Why is the sky blue?
Can I go out to play?
How high is up?
Where are you going?
What do you want to be when you grow up?
Where are you going?

All day long, all our lives, we ask: why? Can I? Will you? Should we? It's another holy grammar-- the conjugation of petition. Tone changes, of course. Inflection is important. Under it all, there is a bedrock of want and need.

We ask constantly and without thinking in our insatiable need to know.

And I know it sounds as if I have an issue with this. I don't. I thirst for the whys and the wherefores of my life. I read encyclopedias and dictionaries as a kid. OK-- as an adult, too, but it sounds so much less geeky to admit to the practice from my childhood.  These are the public questions, the ones that can be paraded in front of God and everybody, and they often come with handy source books and reference guides.

Then there are the somewhat less public questions. Who am I? How do I fit? Where am I going? These are the good angsty, existential questions that hounded me early on, that I hid from for what seemed like forever, that I came to terms with at some point, and which, these days, still pop up, swirl around my head for a while before settling down in some dusty box I keep in storage in some dark corner, buried deep. 

As I'm writing this, I am noticing something curious: all these questions-- I ask them of myself. As Elul goes, they're perfectly fine and natural questions. That I ask them throughout the year? It's all good. During Elul, I shift the world, bend the light, change the perspective of my questions. I dive deeper and with more intention, I go out to meet the questions here, rather than notice them as they come buzzing. 

Who am I?
How do I fit?

And because this is Elul, I find I cannot stop here. this is a time to dive in and reach out. This is the leaping part, the scary part. Lana Del Rey's song, Young and Beautiful, has been haunting me all afternoon, as I've been writing this-- the chorus, at least. "Will you still love me when I'm no longer young, and beautiful? Will you still love me when I got nothing but my aching soul?" (If you haven't heard it, take a minute to listen. Go ahead. I'll wait.)

This is raw and naked need. These aren't the Colorform questions, the ones I stick up on a shiny board to dress them with shiny shaped plastic, trying on all the pretty colors to see what works best. These are the questions that sear your soul, the ones that keep you up at night, and make your skin clammy. 

Will you love me? 
Will you forgive me? 
Can I come home? 
Will there be anyone around to care? 

We can't not ask them. They're a part of who we are and how we fit. They're also a part of Elul-- the reaching out and up part, the part that stretches us and redeems us. The part that can make us whole.

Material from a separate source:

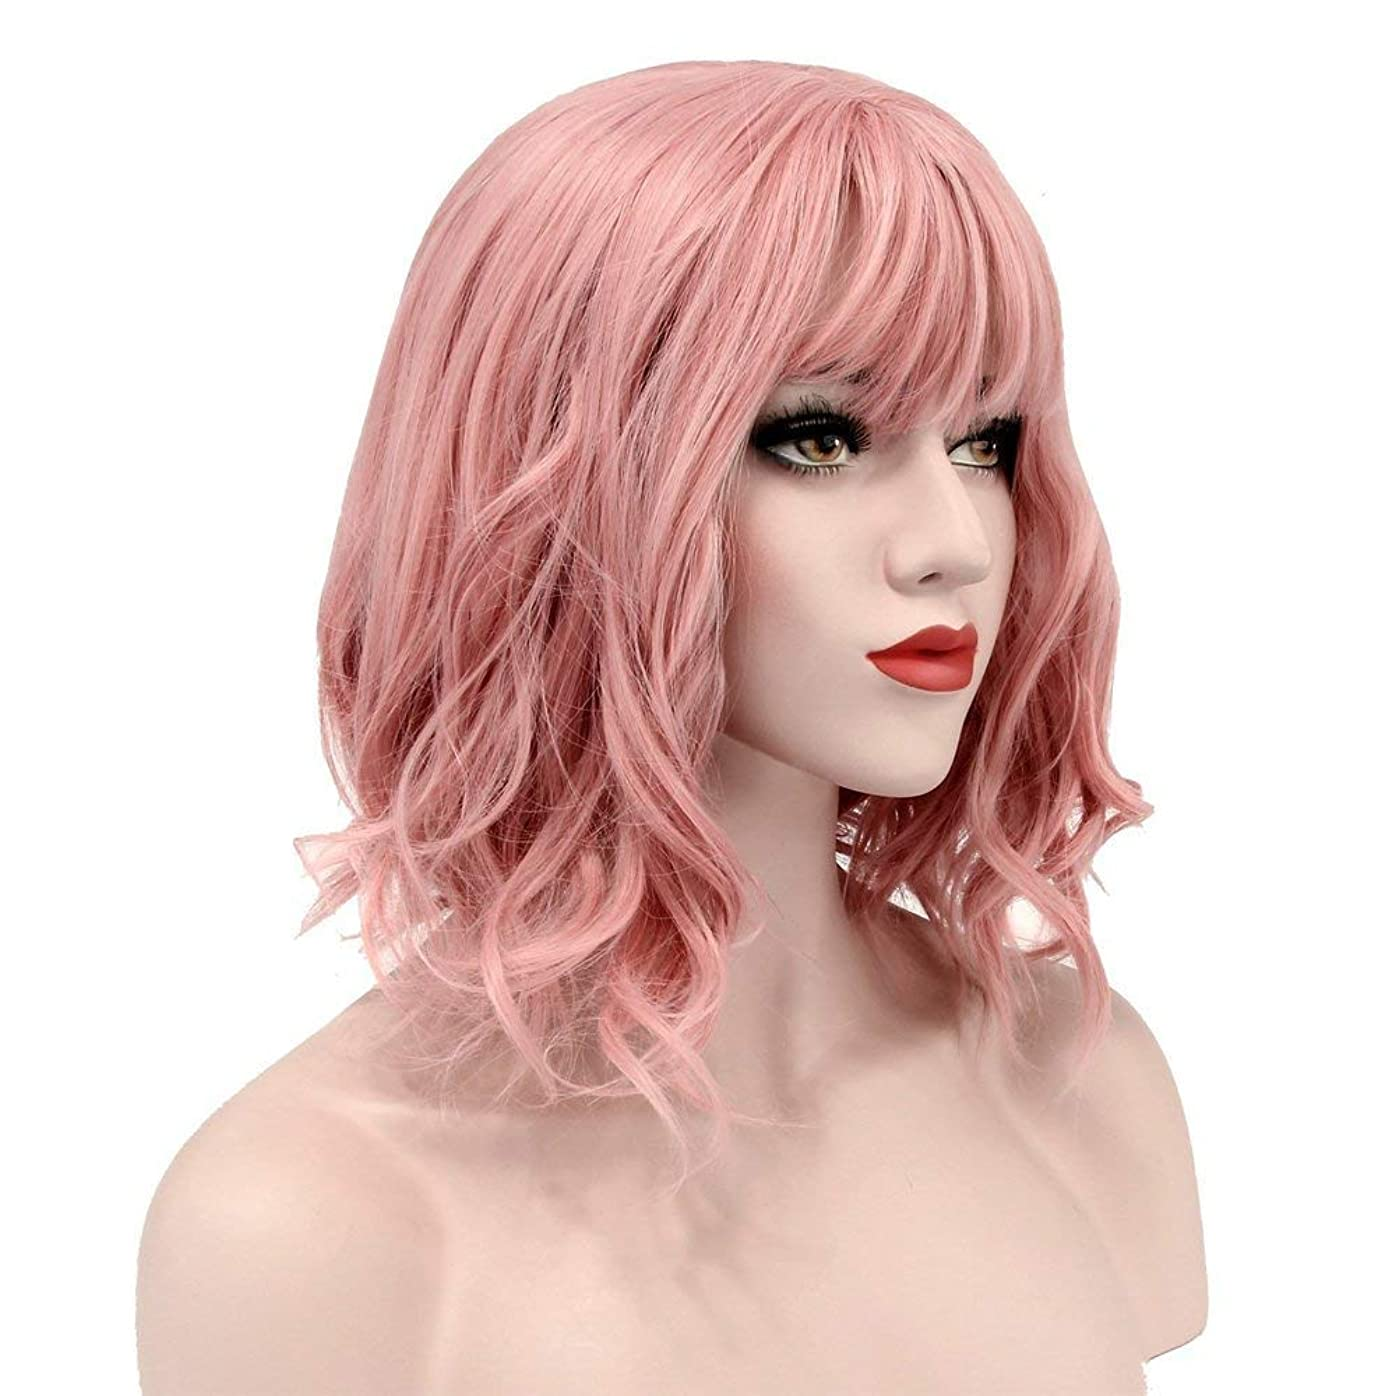 とげのあるとげのあるためらう女性のための耐熱性高密度のコスプレ自然な髪型のためのかつらロングウェーブ合成かつら
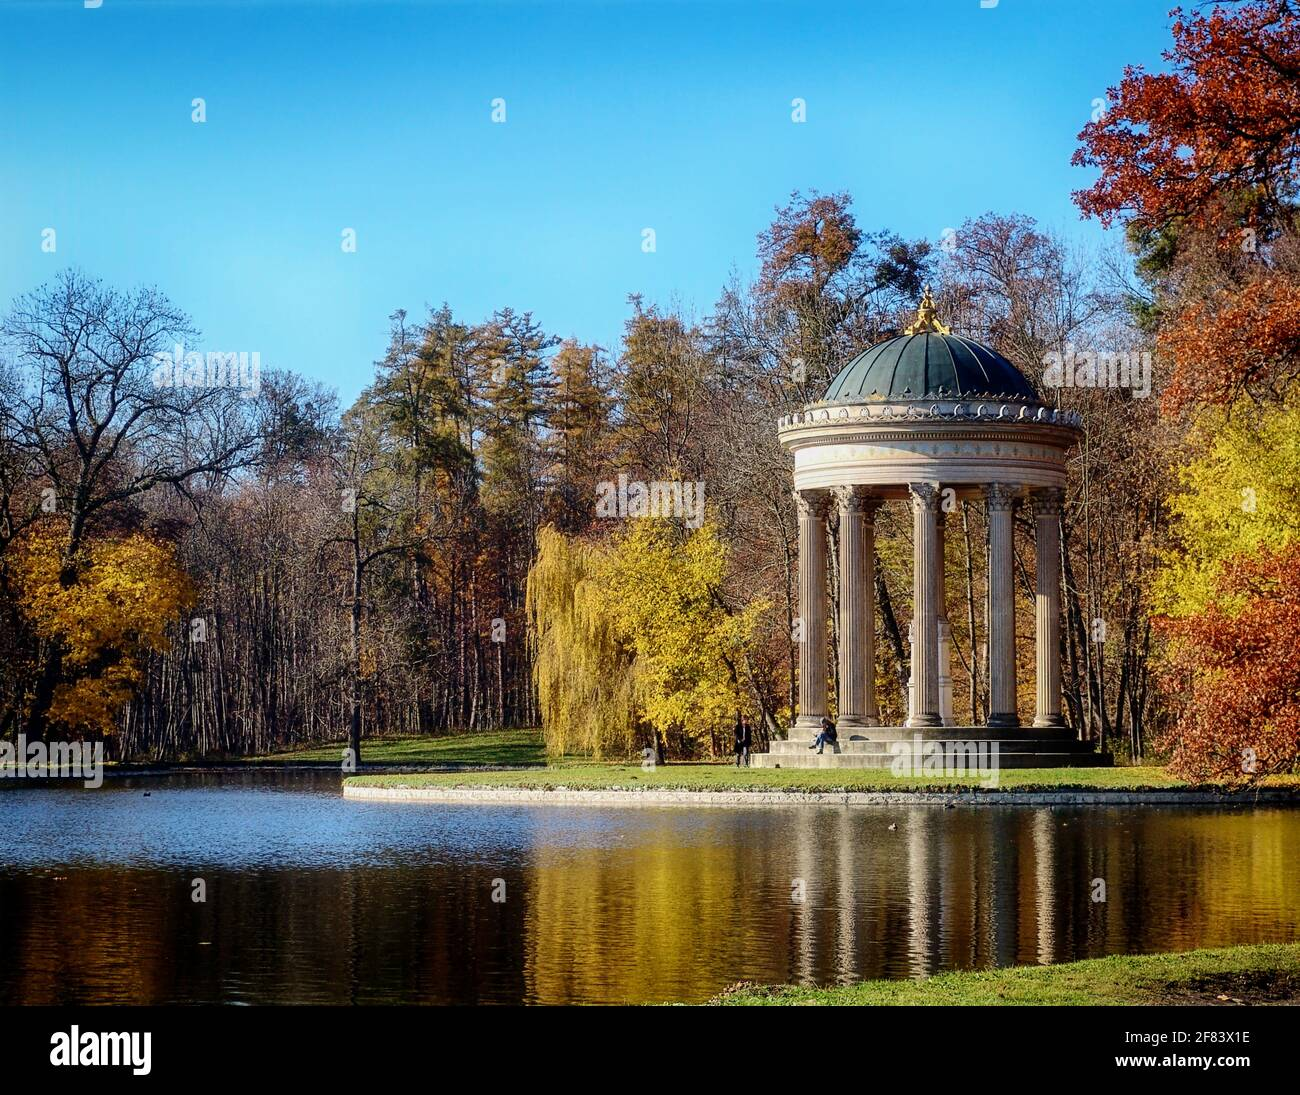 Munich, le parc du château de Nymphenburg résidence des rois bavarois : les monopteros, temple circulaire en marbre d'Apollon en automne, construit au XIXe siècle sur un p Banque D'Images

This would have been enough -- dayenu -- , I think, for my blog post of the day (18 Elul). It would have, but then I saw some postings from Women of the Wall, and what is happening at the Kotel (the Wall, in Jerusalem). The Minister of Religious Services has announced his support of a plan that would erect a balcony at the Robinson Arch, effectively exile women-- and any Jew who prays in a way that does not conform to ultra-Orthodox tradition-- away from the area of the Wall where Jews have prayed for generations. It is another effort, in a long series of mindful, concerted efforts, to keep women who want to pray at the Wall separate from, exiled from, excluded from this place. This holy and sacred place. 

So they are sitting in. Now, even as I type this, they are sitting in, and praying and coming together and asking that we join them This is also raw and aching need. They are not asking for crumbs or second-rate solution. They are asking for a place. They are asking for a place at the Wall, to pray and celebrate and grieve and hear the still, small voice of God. A place that has been denied them, again and again. 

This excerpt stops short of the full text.